President Jimmy Carter: Uh, when I was President, I brought Anwar Sadat and Menachem Begin together in the Camp David accord.

Barry Gibb: Good Lord! Every time I turn on TV, you’re goin’ on about Camp David accord!! It’s been thirty years! [in falsetto] Give it a reeeeest! You don’t see me talkin’ about “Saturday Night Fever” all the time–I moved ON!!

[Barry jumps up and starts kicking the air repeatedly. Carter cringes and leans against Sandra Day O’Connor.]

Barry Gibb: I SWEAR TO GOD I WILL SHOVE A BOTTLE INSIDE YOU AND KICK IT TILL IT BREAKS!!! YOU GET ME TIRED!!! I AM BARRY… GIBB!!!

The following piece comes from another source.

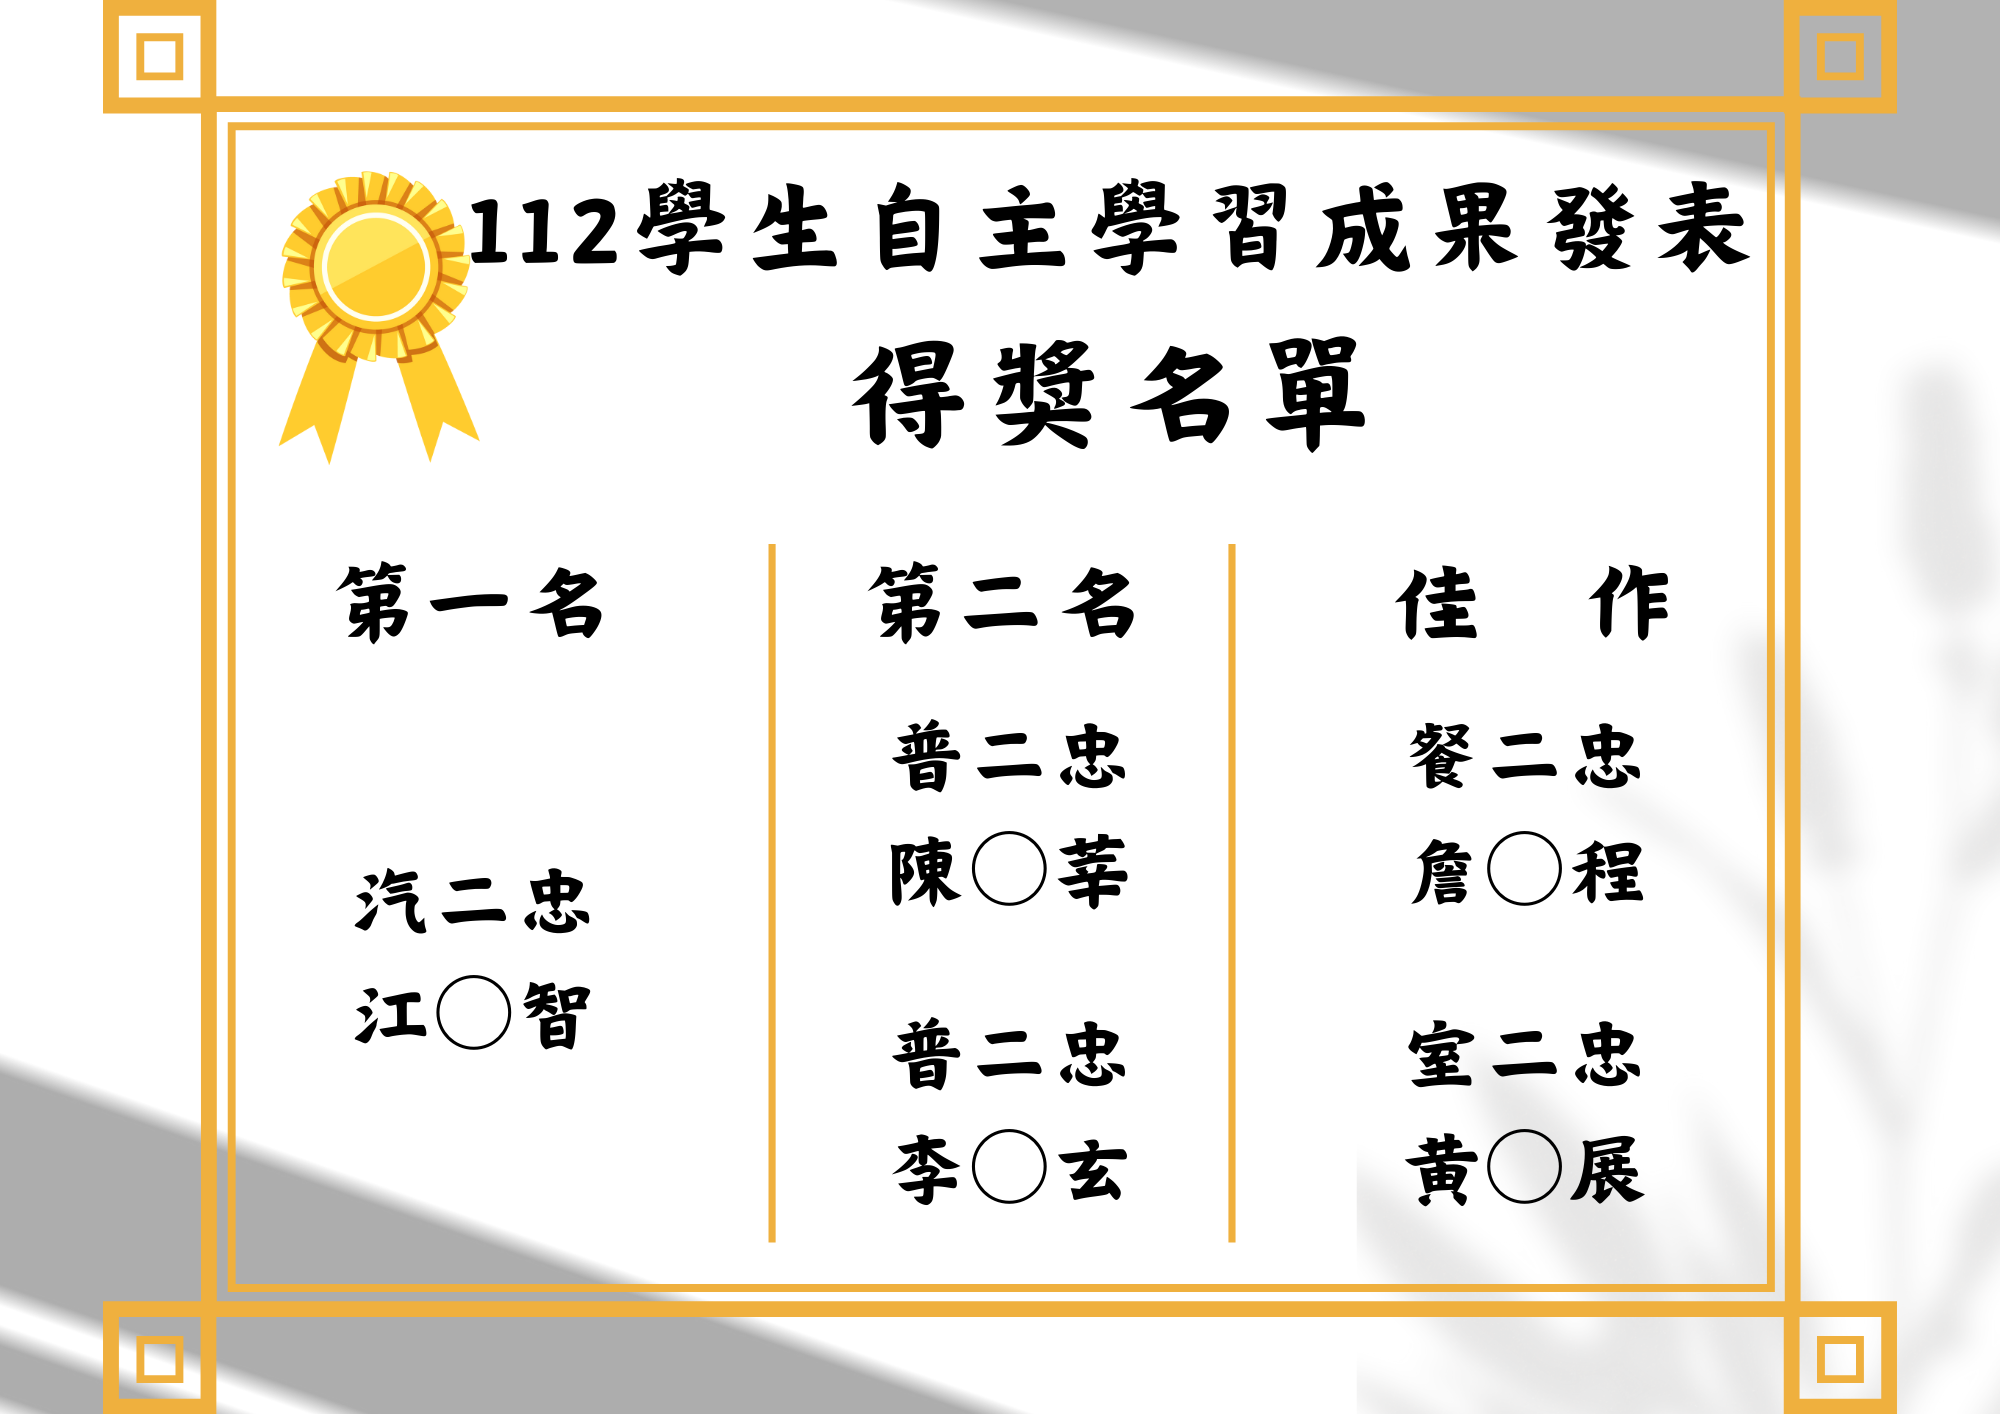 112-1自主學習成果發表得獎名單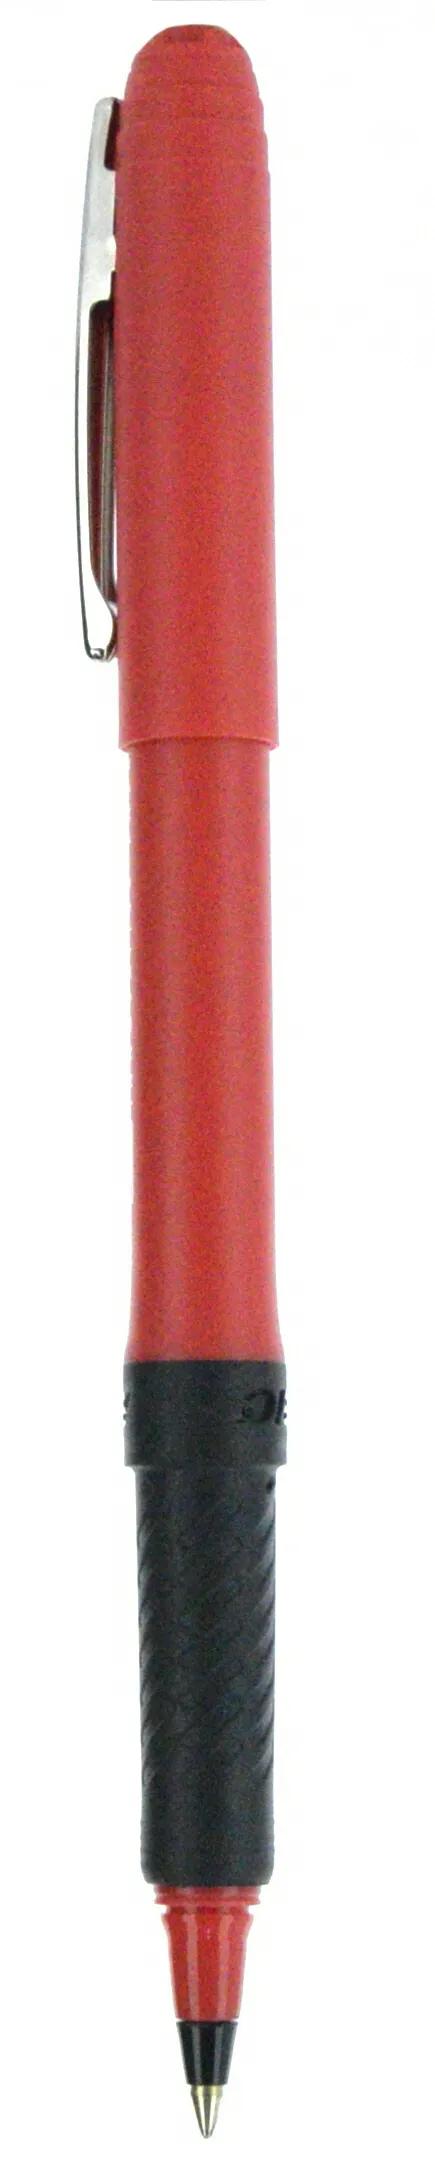 BIC® Grip Roller Pen 127 of 147

[Barry plops back down in his chair but instantly leaps back up.]

Barry Gibb: [kicking the air] I will ruin you! I will ruin you! [starts singing] “I will ruu-uu-u-in you!”

Barry and Robin Gibb: [in harmony] “I will ruu-uu-u-in you! I will ruu-uu-u-in yoooooooooooou!”

[The audience screams in approval as Barry tumbles back into his chair. He wearily reaches for the flower basket on the center table, plucks a flower, and sniffs it.]

Barry Gibb: That’s all the time we have. [sings] “Well… I’m… Barr–”

[He is cut off by the “Nights on Broadway” track. As the lights dim and the disco ball reappears, the brothers jump up and start disco dancing.]

Barry and Robin Gibb: “Talkin’ it up,
On The Barry Gibb Taaaalk Shoo-ow,
Talkin’ ’bout chest hair!
Talkin’ ’bout crazy cool medallions!
Talkin’ it up,
On The Barry Gibb Taaaalk Shoo-ow,
Checkin’ out politics,
In this crazy, crazy tow-ow-own!
Oh, yeah…”

[Laughing, the brothers embrace briefly and dash offstage while the audience cheers tumultuously. SUPERIMPOSE The Barry Gibb Talk Show logo and fade to black while “Nights on Broadway” keeps playing.]